What Is Enterprise Architecture Planning?

Malcolm Tatum

Enterprise architecture planning is a business strategy that aids in identifying the processes or architectures that ultimately support the operation of a business and move the company closer to achieving its stated goals. Once identified, the strategy further helps to arrange these architectures into a cohesive and logical sequence that aids in the overall process of effective business planning. Inherent to the function of enterprise architecture planning is making the best use of information that is available, both in terms of historical and current data that helps to point the way to the future.

Enterprise architecture planning uses historical and current data to help point the way to the future.
Enterprise architecture planning uses historical and current data to help point the way to the future.

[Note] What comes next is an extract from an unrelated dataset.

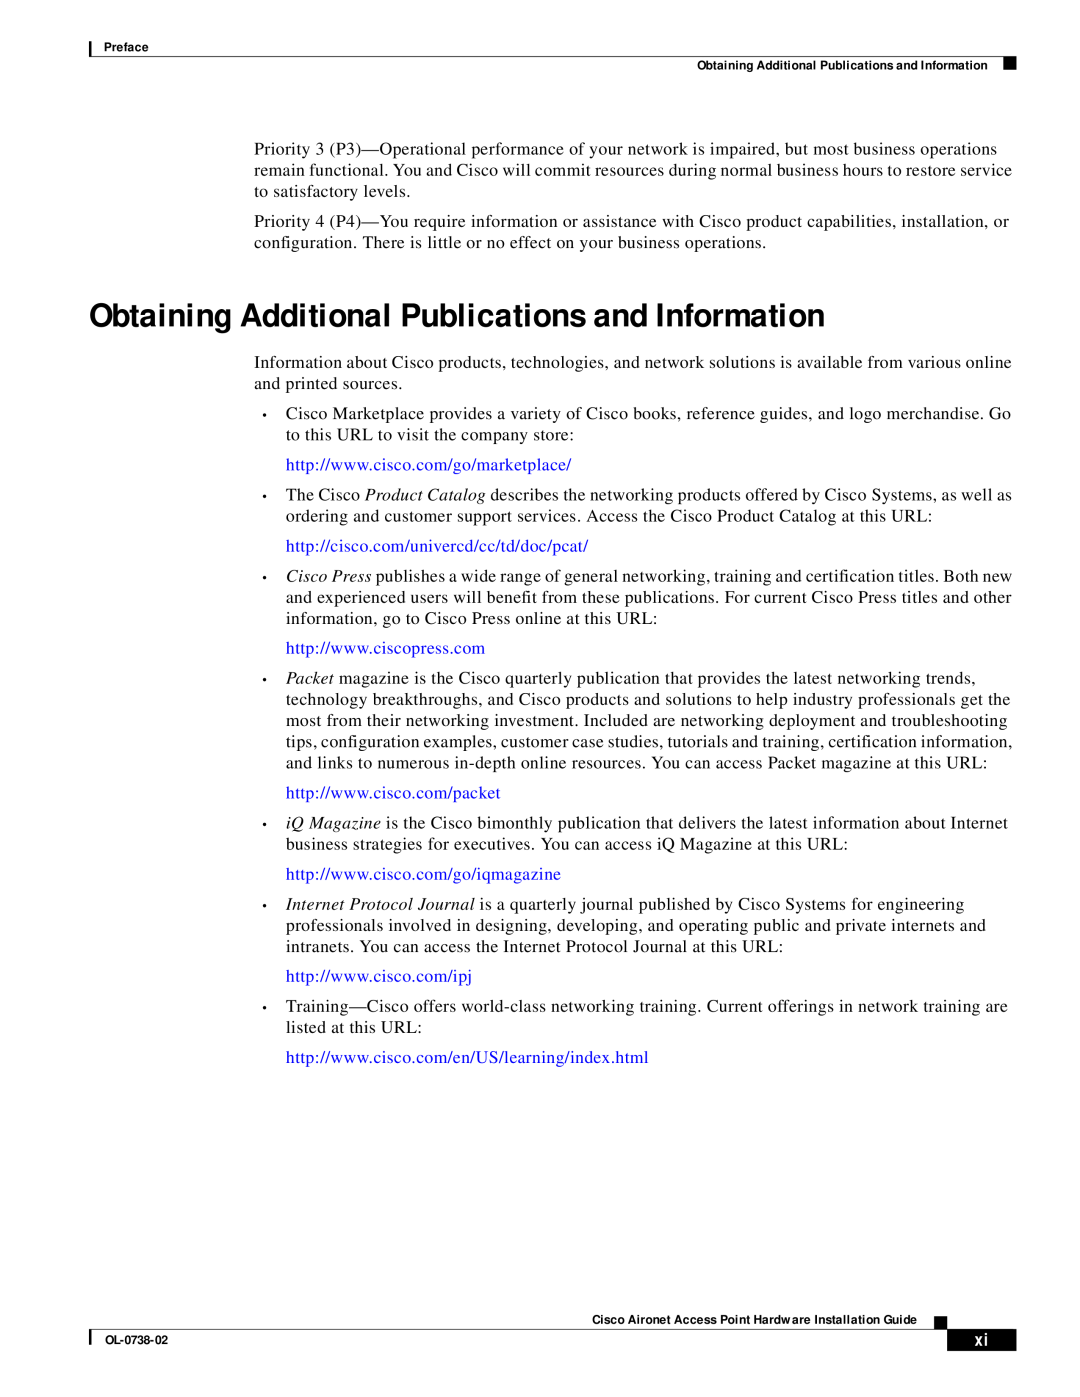 Cisco Systems OL-0738-02 Obtaining Additional Publications and Information, http//cisco.com/univercd/cc/td/doc/pcat

The actual phases, or cycles, that are part of the basic enterprise architecture planning or EAP effort can be segregated into four basic sections, or layers. The first has to do with the phase of beginning the effort. During this phase, data is collected and organized in some manner, with the goal of being able to qualify and use that data to establish basic structure for the activity and determine what tools or resources will be necessary. It is during this phase that foundational decisions are made that have an impact on all the future planning and implementation associated with the project.

A second phase, or layer, of enterprise architecture planning has to do with evaluating the current status of the business and how that relates to the proposed project. Since historical data has already been collected and organized, the task of understanding not only the current situation but how that situation came to pass is relatively easy. This evaluation of the here and now also helps to form the basis for all future activities connected with the project.

Setting the goal or goals for the project is often considered the third phase of enterprise architecture planning. Here, the task is to identify the desired end result of the project, using the current situation as the starting point. Since all data related to resources and tools, including business information systems, labor force, and even equipment and software programs were addressed earlier, the formation of responsible and reachable goals is generally not a difficult task.

The fourth layer, or phase, of enterprise architectural planning is the development of a road map to move forward from present circumstances on to the identified goals. It is during this phase that specifics of how to make that movement are formulated. Assignments are made, check and balance systems implemented, and scheduling for the completion of essential tasks is developed. Every aspect, including cost, is addressed and accounted for during this phase. Assuming that each of these phases has been successfully executed, the end result will be a clear understanding of where the effort is starting, what is to be accomplished, and how to make systematic and logical steps toward those stated goals.